**TASK INSTRUCTIONS**.
Each line from the one with "FRANCE - 54" through the last line below must be written out exactly. Do not copy pictures.

**AVAILABLE DATA**.

----

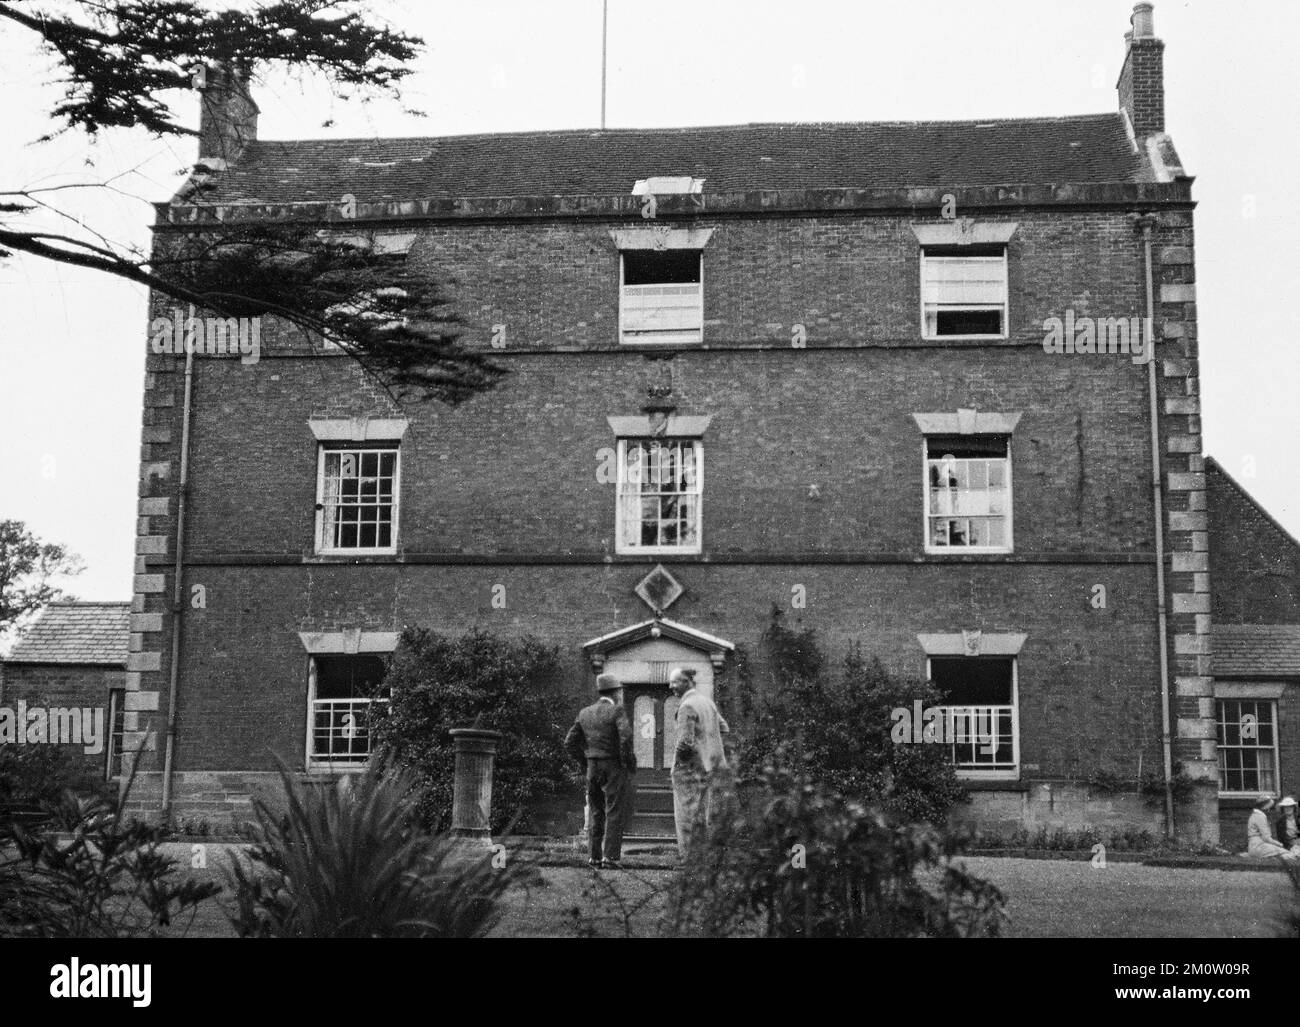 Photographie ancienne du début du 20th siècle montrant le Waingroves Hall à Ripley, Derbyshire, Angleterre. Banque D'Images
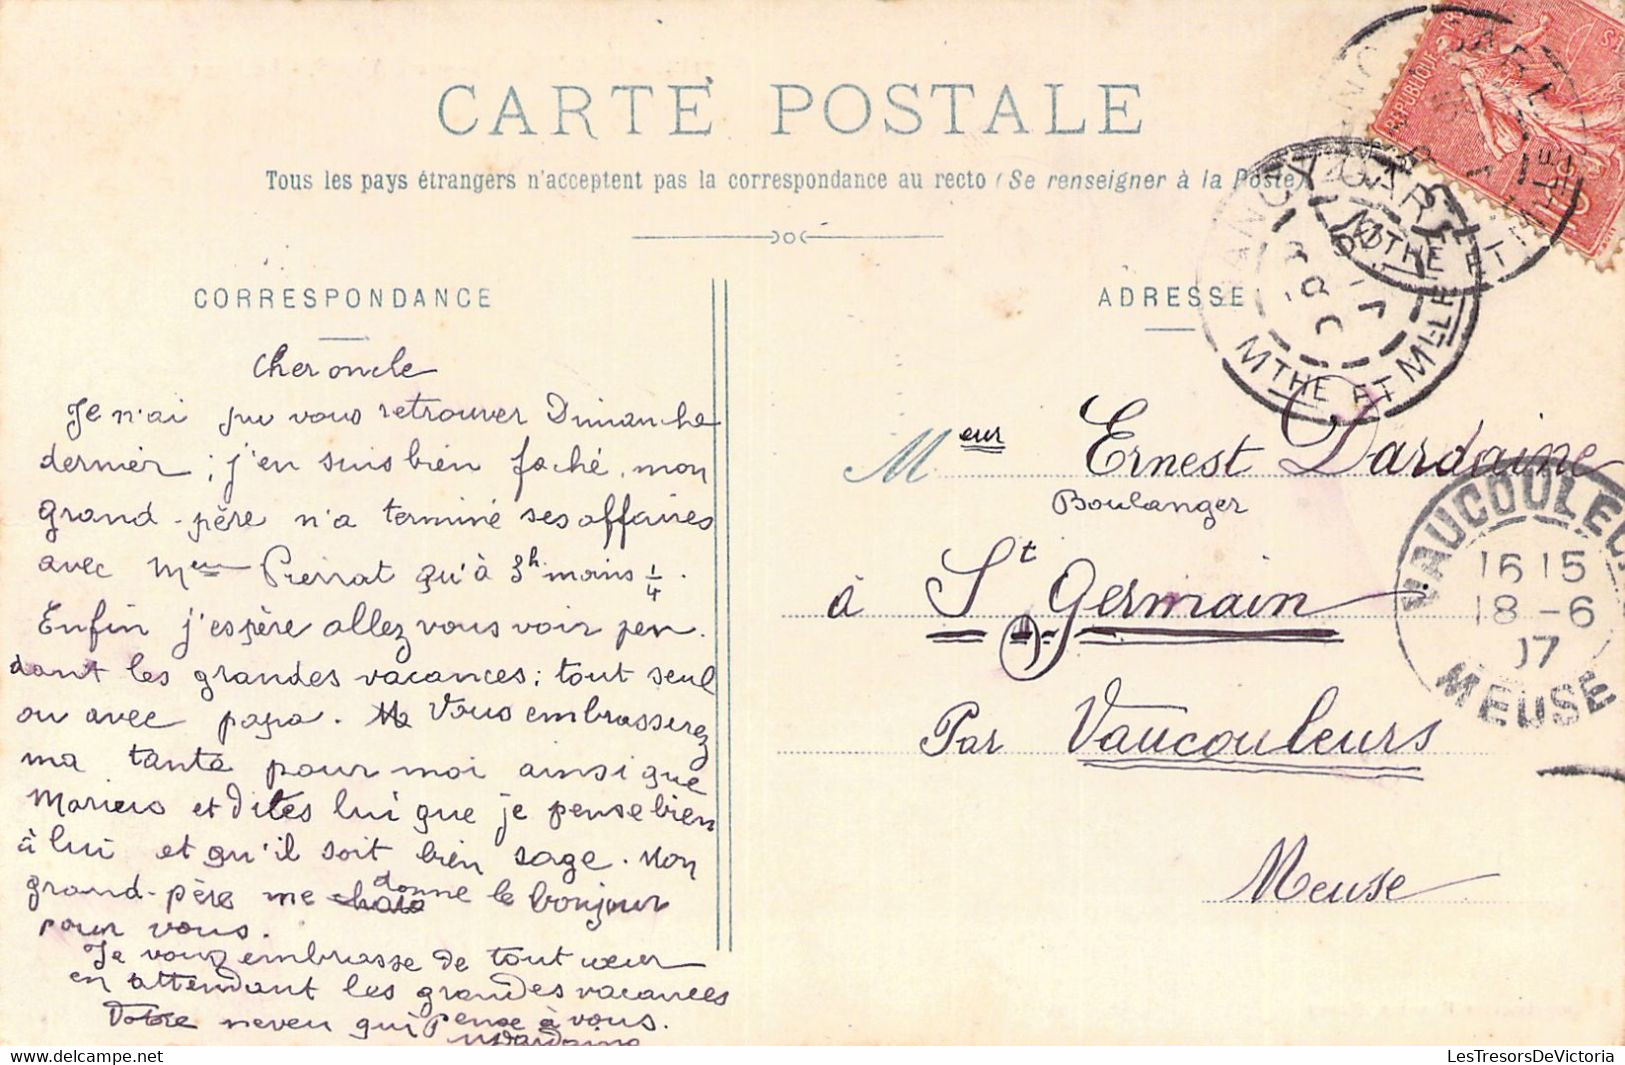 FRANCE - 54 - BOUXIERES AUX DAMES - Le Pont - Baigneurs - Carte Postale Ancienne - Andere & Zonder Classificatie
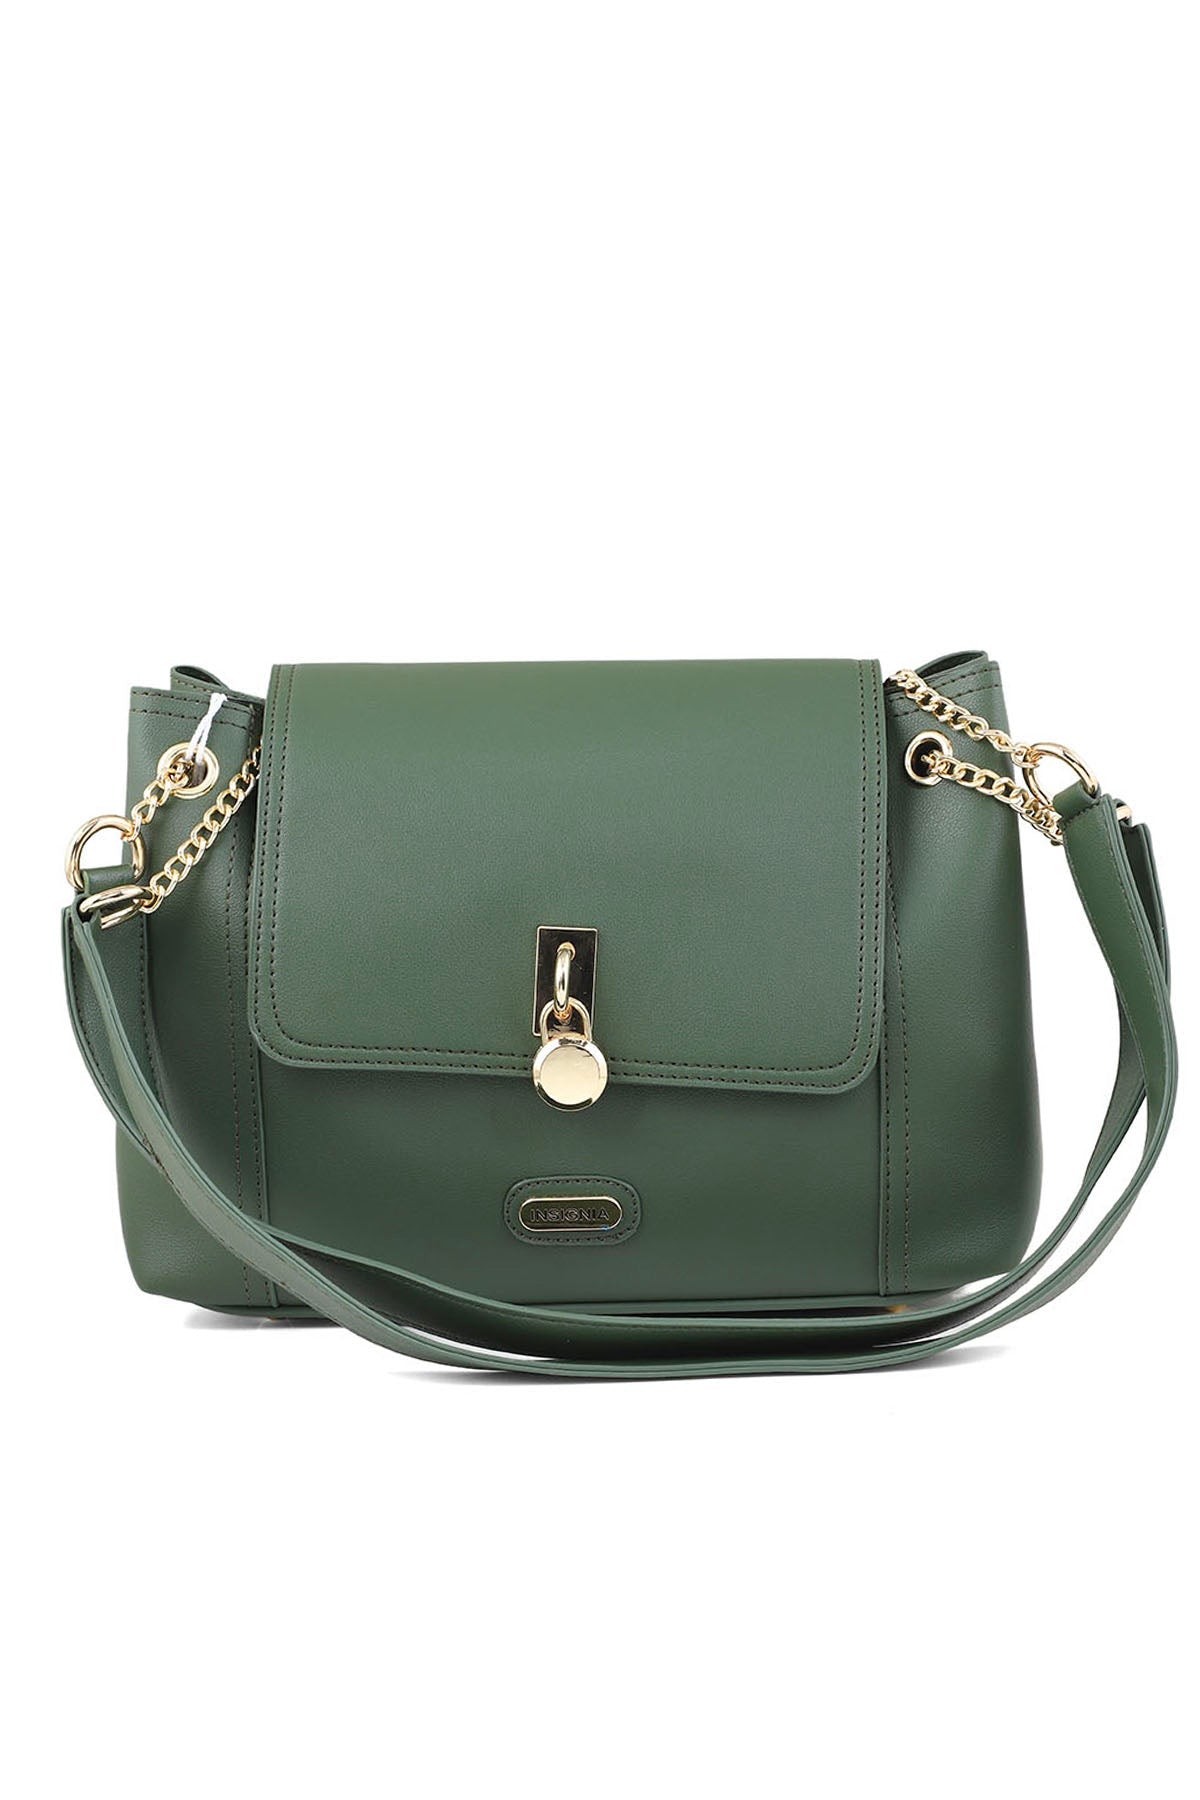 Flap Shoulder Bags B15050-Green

----

**ANSWER FOR THE TASK**.
 FRANCE - 54 - BOUXIERES AUX DAMES - Le Pont - Baigneurs - Carte Postale Ancienne - Andere & Zonder Classificatie
 Flap Shoulder Bags B15050-Green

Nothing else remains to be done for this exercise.